La Réforme évangélique se développe dès le second quart du XVIe siècle, à l’Est de Paris, dans le diocèse de Meaux, et touche la région de Château-Thierry. Un culte est célébré à proximité, à Nogentel.

Dès 1550 des castelthéodoriciens contraints de s’exiler figurent dans les registres de paroisses réformées françaises d’Allemagne, Pays-Bas et Genève. A la Révocation, certains, gagnent l’Afrique du Sud à bord de navires hollandais. Ainsi, de nos jours, dans la région du Cap, face au musée huguenot de Frankschoek, un restaurant proposant une cuisine française s’appelle Monneaux !

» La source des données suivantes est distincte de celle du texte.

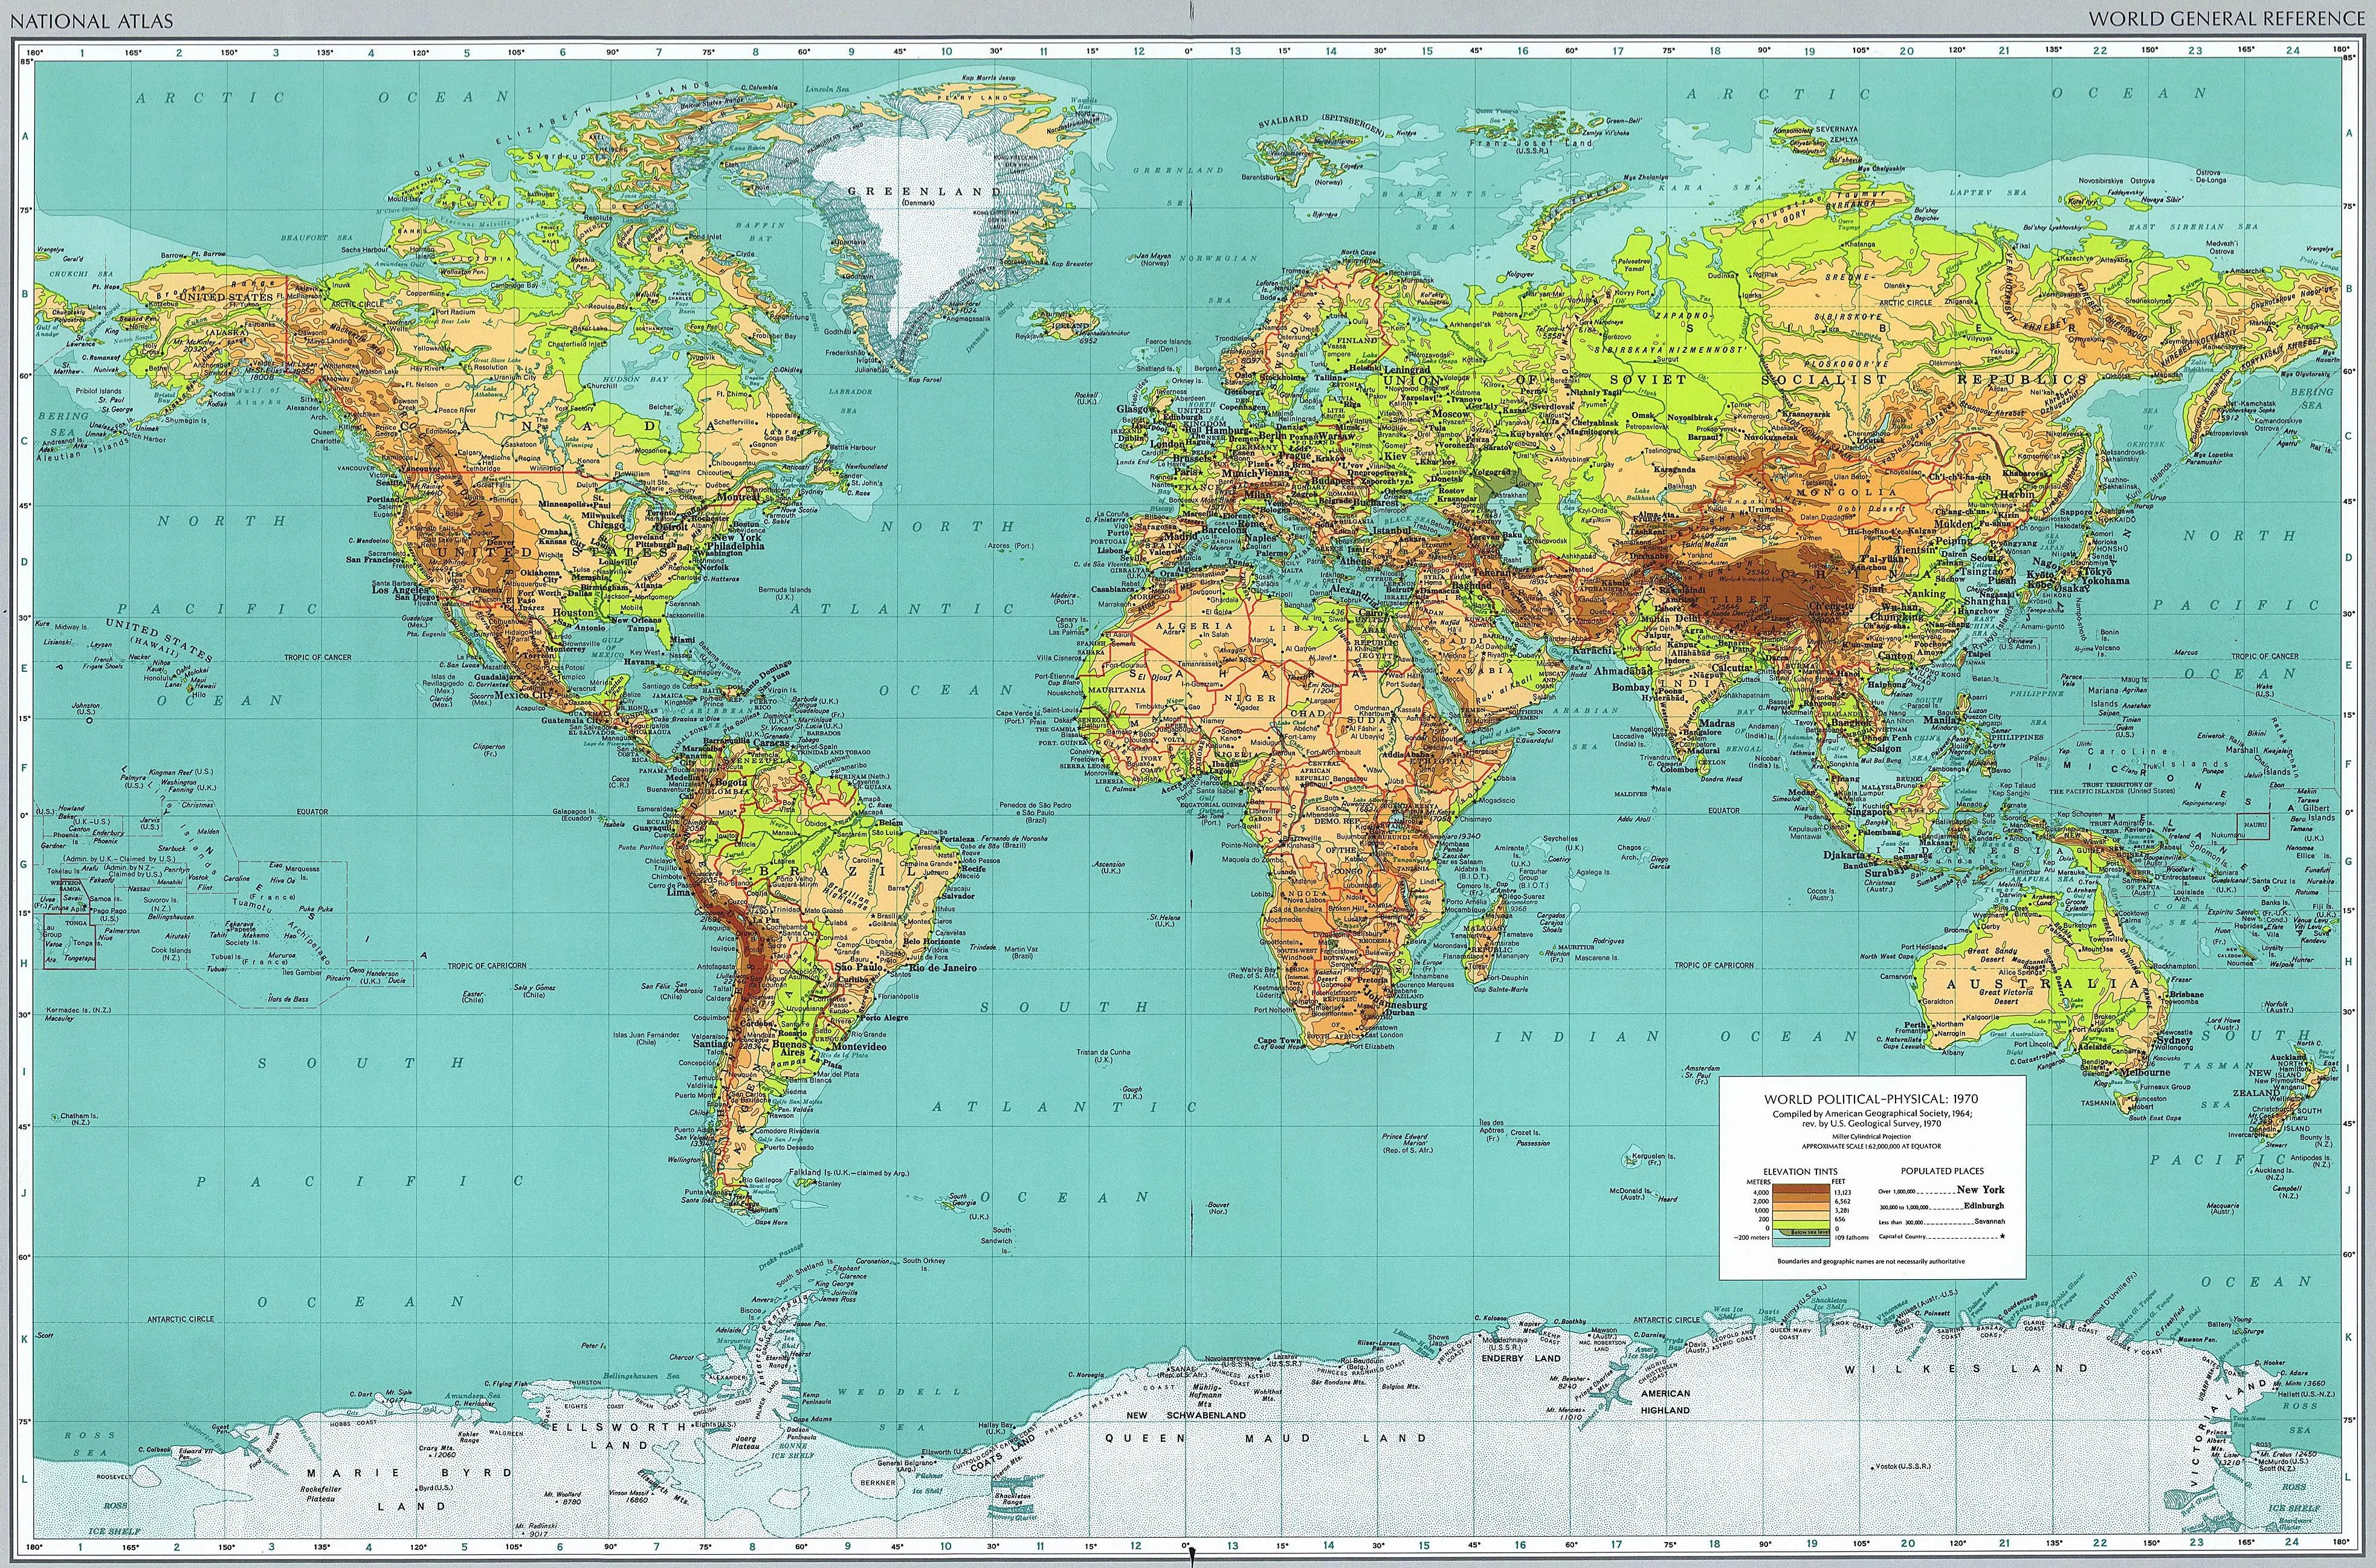 Mapa Físico del Mundo 1970 - Tamaño completo

Ces émigrés se dénommaient Briet, Taillefer, Lefébure, Naudé, noms encore portés localement par les cousins restés en France qui ont abjuré ou maintenu clandestinement les usages réformés. Sous l’ancien régime, les protestants de Monneaux bénéficièrent de la protection de l’abbaye d’Essômes-sur-Marne dont ils cultivaient le vignoble. En retour, à la Révolution, les protestants sauveront le supérieur de l’abbaye.

Le pasteur Charmusy réorganise clandestinement vers 1765, les Eglises du Nord de la Brie, Aisne et Thierache, dont celle de Monneaux, avec nomination d’anciens, conformément à la Discipline calviniste. Ce pasteur Charmusy, sera, en 1771, le dernier martyr protestant : arrêté lors d’un prêche, roué de coups, il mourra quelques jours plus tard, à la prison de Meaux.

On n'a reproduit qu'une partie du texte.